В этот конкретный день Слепой Ио, который никогда не забывал об осторожности и поэтому оставался главным из богов, сидел, опёршись подбородком о ладонь, и смотрел на игральную доску, лежащую на столике из красного мрамора. Слепой Ио получил своё имя потому, что в том месте, где должны были находиться его глазницы, не было ничего, кроме двух участков чистой кожи.
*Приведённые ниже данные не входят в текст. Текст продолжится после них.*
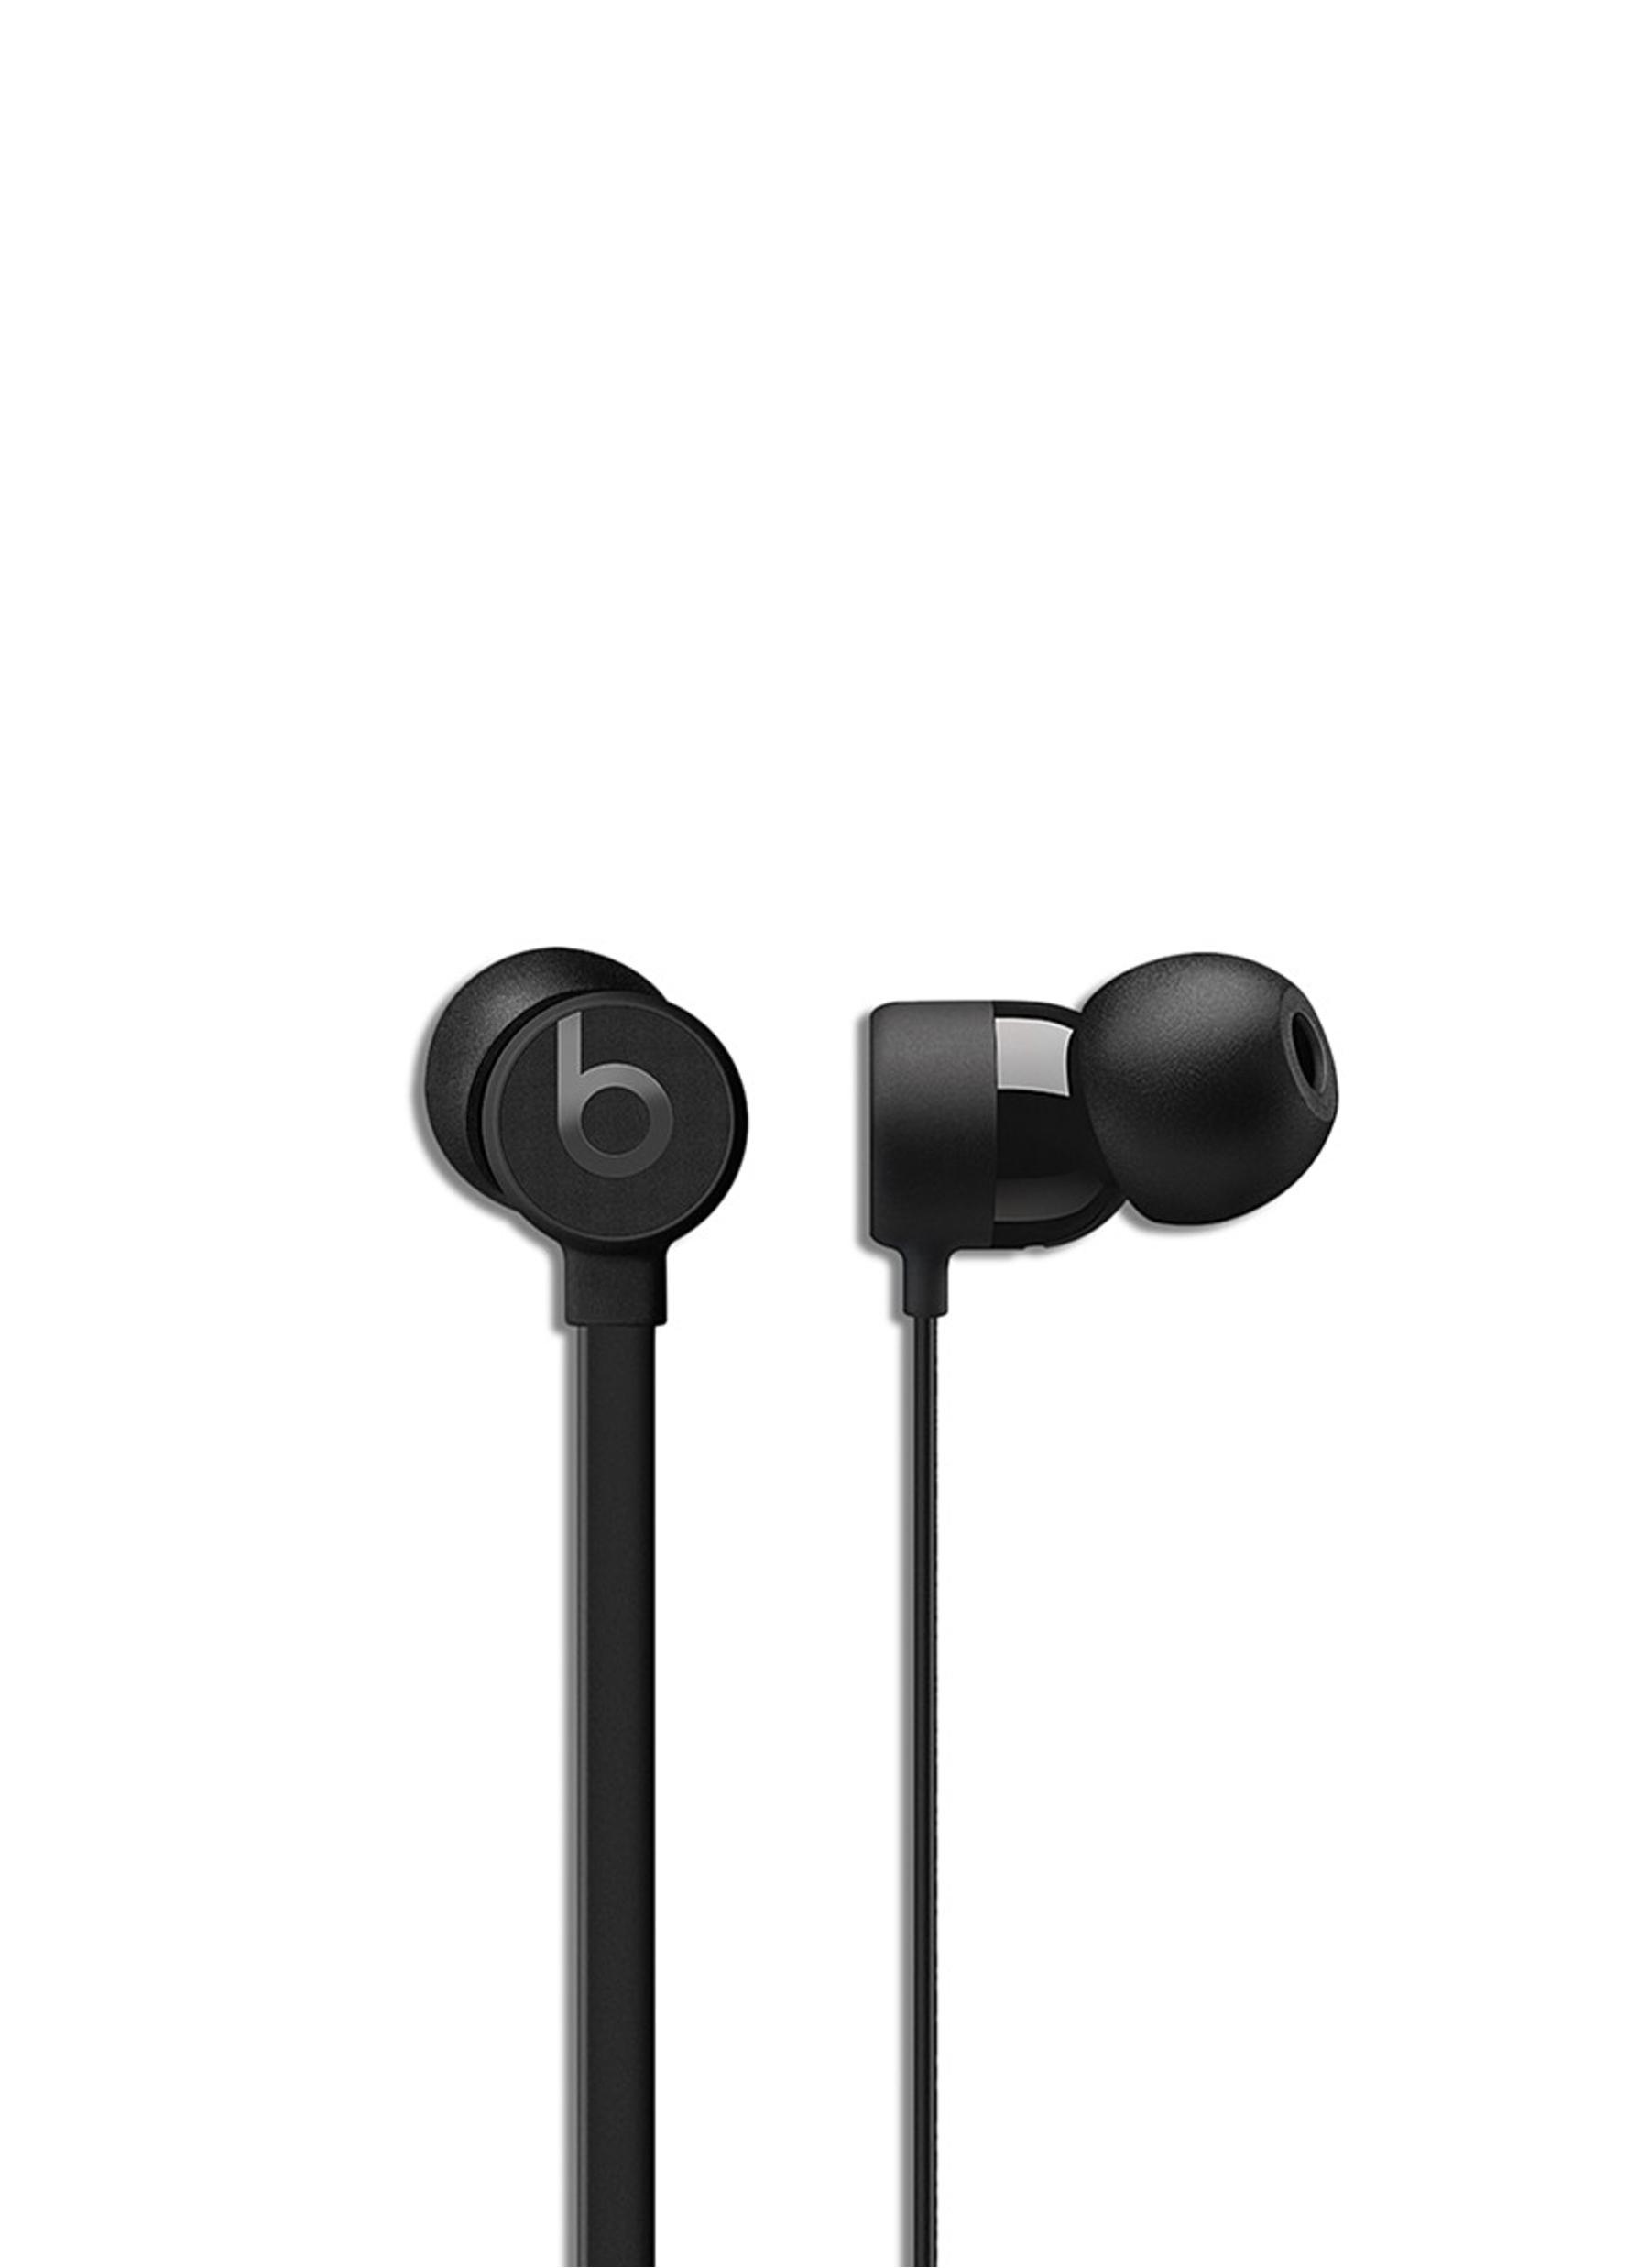 BeatsX wireless earphones by Beats

Его глаза, которых у Слепого Ио было впечатляющее количество, вели свою полунезависимую жизнь. Часть из них в данный момент висели над столиком.
Игральная доска представляла собой тщательно вырезанную и разделённую на квадраты карту Плоского мира. Сейчас несколько клеточек было занято прекрасно вылепленными игральными фигурами. Если бы какой-нибудь человек взглянул на фигурки со стороны, то сразу узнал бы в двух из них Бравда и Хорька. Остальные изображали ещё каких-то героев и воителей, которых на Диске было более чем достаточно.
Партию продолжали Ио, Бог-Крокодил Оффлер, бог лёгких ветерков Зефир, Рок и Госпожа. Теперь, когда все менее значительные игроки вышли из Игры, за доской воцарилась сосредоточенность. Одной из первых жертв стал Шанс, чей герой после удачного броска Оффлера попал в дом, битком набитый вооруженными гноллями. Вслед за Шансом сдала свои фишки Ночь, сославшись на назначенную встречу с Судьбой. Несколько второстепенных божеств взмыли в воздух и сейчас надоедали игрокам, подавая из-за плеча непрошеные советы.
Попутно делались ставки на то, что следующей из игры выйдет Госпожа. Её последний хоть чего-то стоящий воитель превратился в щепотку пепла, погибнув в развалинах ещё дымящегося Анк-Морпорка. Других фигур, которые Госпожа могла бы довести до противоположного края доски, практически не осталось.
Стаканчик для игральных костей представлял собой череп, глазные отверстия которого были заткнуты рубинами. Слепой Ио взял кости в руки и, не сводя взгляда нескольких глаз с Госпожи, выбросил три пятерки.
Та улыбнулась. Глаза Госпожи были ярко-зелёными, без зрачков и радужки, и светились изнутри.
Среди воцарившегося в комнате молчания Госпожа порылась в своей игральной шкатулке и, достав с самого дна пару фигур, двумя решительными щелчками выставила их на доску. Остальные игроки, как один бог, вытянули шеи, чтобы взглянуть на новые фигуры.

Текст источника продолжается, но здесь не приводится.